On 6/10/25 at 10:52 AM, Surveyor observed District Dietary Manager U to have very short hair and beard and to be in the food preparation area with no beard net or hair restraint.
On 6/10/25 at 10:52 AM, Surveyor observed [NAME] W to be using the 3-compartment sink with no beard net. [NAME] W indicated he was washing cookie sheets.
On 6/10/25 at 11:35 AM, Surveyor observed [NAME] V to have an uncovered mustache while scooping coleslaw and putting it into small bowls. [NAME] V indicated he forgot to put on a beard net, and he would get one right away.

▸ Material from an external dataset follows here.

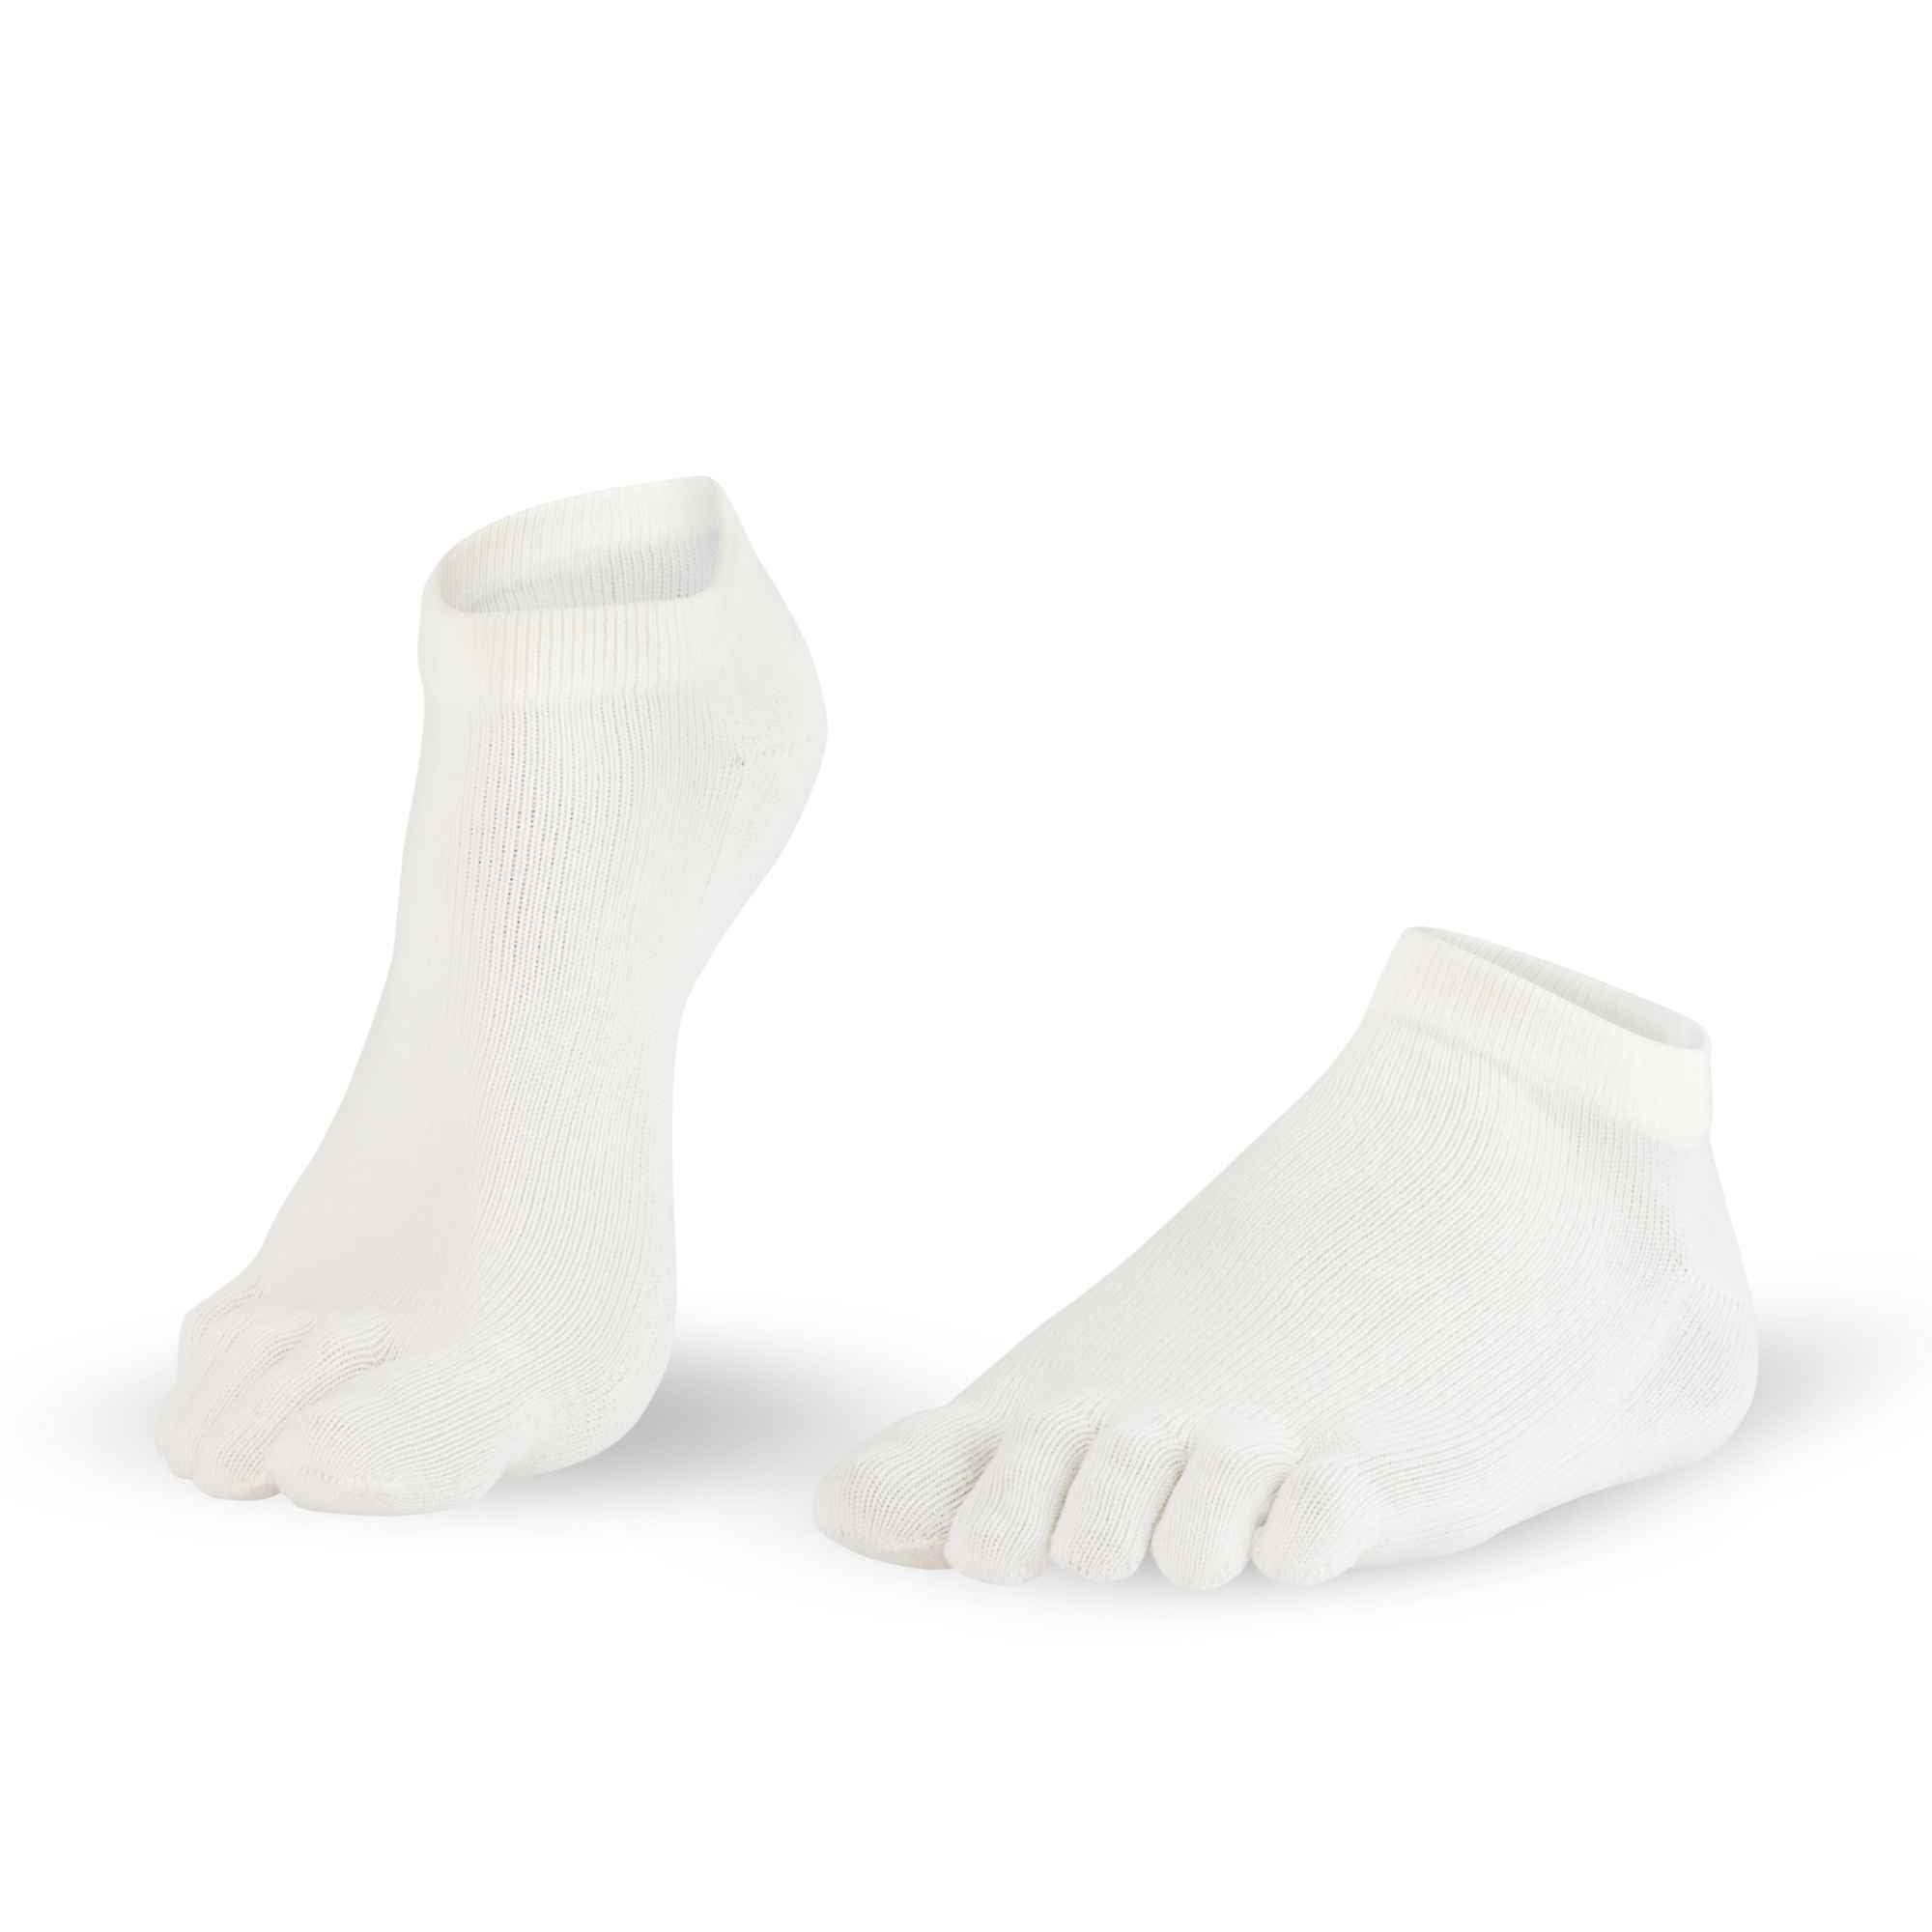 7 Dr Foot Silver Protect Sneaker Toe Socks White Men Women Silver Fiber

On 6/10/25 at 11:48 AM, District Dietary Manager U indicated he thinks hair over 1/2 inch needs to be covered by a hair restraint .
On 6/10/25 at 1:43 PM, NHA A and District Dietary Manager U indicated all hair should be restrained when in the kitchen and especially when working with clean dishes and open food.
Example 3
Facility policy, titled Dining Department Storage, undated, includes: Food should be dated as it is placed on the shelves . Date marking to indicate the date or day by which a ready to eat, potentially hazardous food should be consumed, sold, or discarded will be visible on all high risk food . Leftover food . is clearly labeled and dated before being refrigerated . All food should be covered, labeled, and dated. All foods will be checked to assure that foods will be consumed by their safe use by dates or discarded .
On 6/9/25 at 9:54 AM, Surveyor observed honey wheat bread that had been opened with no open date. Surveyor observed opened breaded fish in the freezer with no open date, opened breaded chicken patties in the freezer with no open date, opened turkey brats with no open date, and opened chicken breasts in the freezer with no open date and no expiration date. In the facility's walk-in refrigerator, Surveyor observed sliced ham to be dated 5/10/25, applesauce to be removed from original container with no label/ no open date/no expiration date, and Surveyor observed potato salad that had been opened with no open date. During an interview [NAME] W indicated all food that is opened should have an opened date, the ham should have been tossed out, and any food removed from the original container should also have a label on it of what it is.
On 6/10/25 at 1:43 PM, NHA A and District Dietary Manager U indicated all opened food should be labeled and dated and food pass the use by date or expiration date should be discarded.